MORGANTOWN — The city of Morgantown and its partners have invested millions with the hope of pulling people to the Monongahela River.
Now the city has recycled back to looking at how it can pull trash out of it.
As a part of its American Rescue Plan programming, the city allocated $350,000 for river cleanup.
Morgantown City Manager Kim Haws said a portion of that money was used to procure a conceptual design for a trash collection device, or trash wheel.
A somewhat famous example of a trash wheel can be found in Baltimore’s Mr. Trash Wheel, which was installed in 2014. It has since been joined by three others, all using flowing water and solar power to pull trash out of the water and onto a platform.
Local implementation, however, would require the city to navigate a couple potential hurdles.
First, the primary location for trash to accumulate is behind the Morgantown Lock and Dam. The placement of any structure in that area would require approval from the U.S. Army Corps of Engineers’ Pittsburgh District.
Morgantown Communications Director Andrew Stacy said Army Corps representatives were involved in preliminary discussions on-site, but it’s not clear when the city could expect any feedback.
The Dominion Post reached out to the ACOE Thursday.
“We agreed that this project is an excellent idea, that it would benefit the community and the local environment; however, the proposed location of the trash collection device is in a restricted area near the dam, so the district is currently reviewing regulations to ensure the proposal’s parameters are within our authority to move forward with,” U.S. Army Corps of Engineers Public Affairs Specialist Andrew Byrne said.
Byrne said this type of project would be a first for the district, noting environmental stewardship is one of the corps’ top priorities.
“So we’re asking questions like ‘would this project affect our mission or operations? Who would be the approving authority for the project? If we can approve a trash collection device in the proposed area, what kind of permitting or real estate instrument would the project require? If we cannot approve this in the proposed area, would the project be as effective if it were installed upstream?’”

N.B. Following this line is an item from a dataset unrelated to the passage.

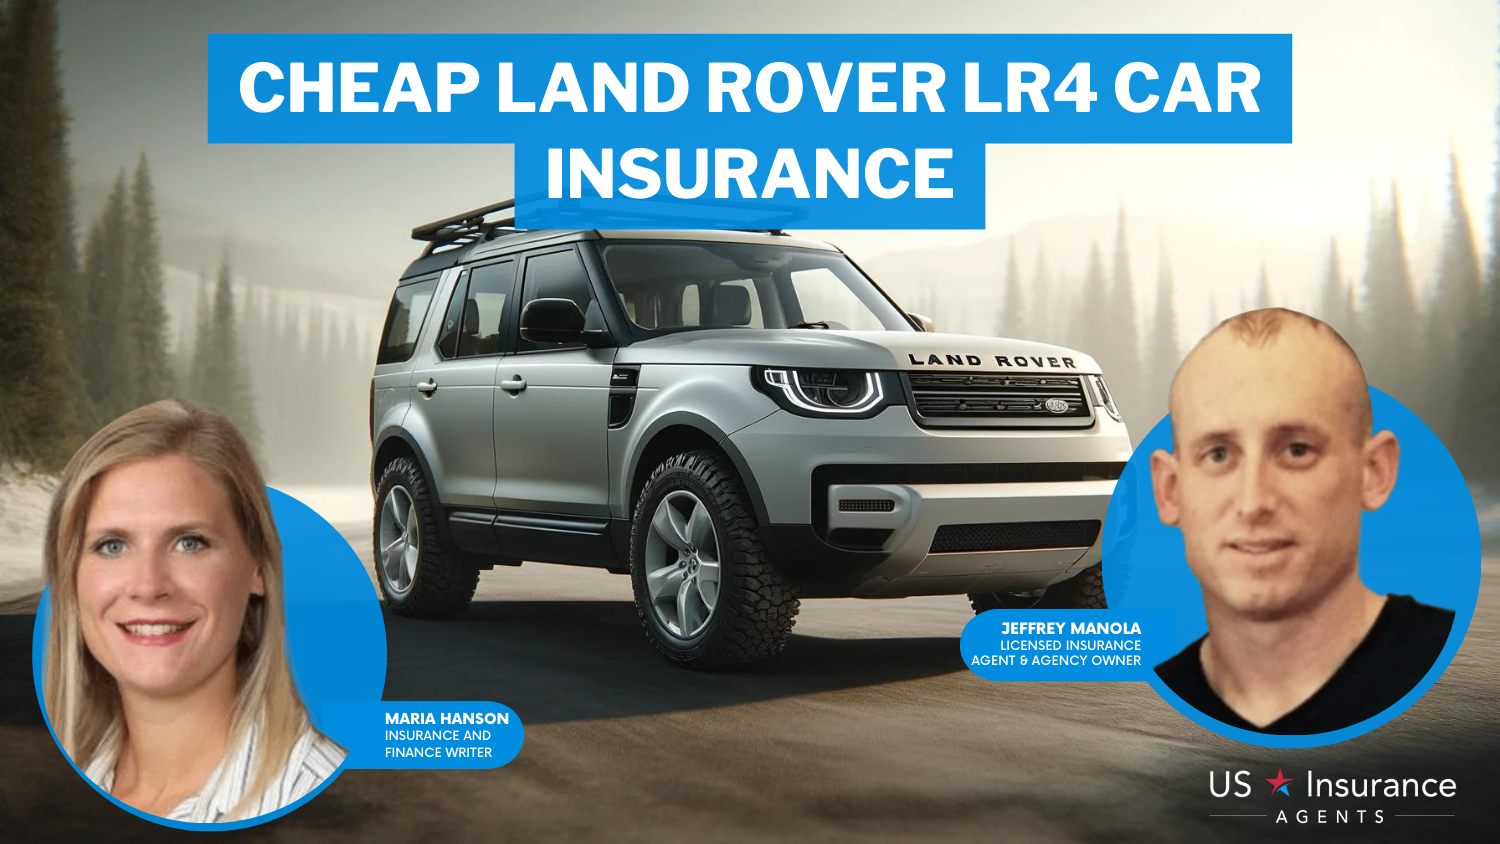 Auto-Owners, Mercury and Safeco: cheap Land Rover LR4 car insurance

Mayor Jenny Selin said preventing the island of trash that accumulates behind the dam has been a longstanding wish of the city.
“If we were able to do that, that would be the coup of a couple of decades because we’ve had numerous meetings with the Corps asking about this before, and not a lot of success,” she said.
When the issue was raised in 2018, an ACOE spokesperson conceded the continually growing collection of trash at navigation facilities is an eyesore. He also noted the only available recourse is to open the floodgates and let it meander downstream.
The city actually has, as part of its contract with trash hauler Republic Services, provisions for the removal of trash pulled from the river and collected on-shore.
It’s getting the trash out of the water that’s the issue.
For years, a flotilla of volunteers would snag debris from the river after the ACOE opened the floodgates, but the city ended that practice.
Former City Manager Paul Brake said the uncertainty of what is actually in the water made it too dangerous to allow volunteers in boats and wetsuits to handle.
But even if the ACOE gives the trash wheel a green light, the question of cost remains.
Stacy said the city has a “very rough idea” of the potential cost, noting it ranges from six-to-seven figures, depending on factors, including size and location.
And if the ACOE says no?
“I guess the follow-up is ‘Then what?’” Councilor Dave Harshbarger said. “There’s got to be something we can do.”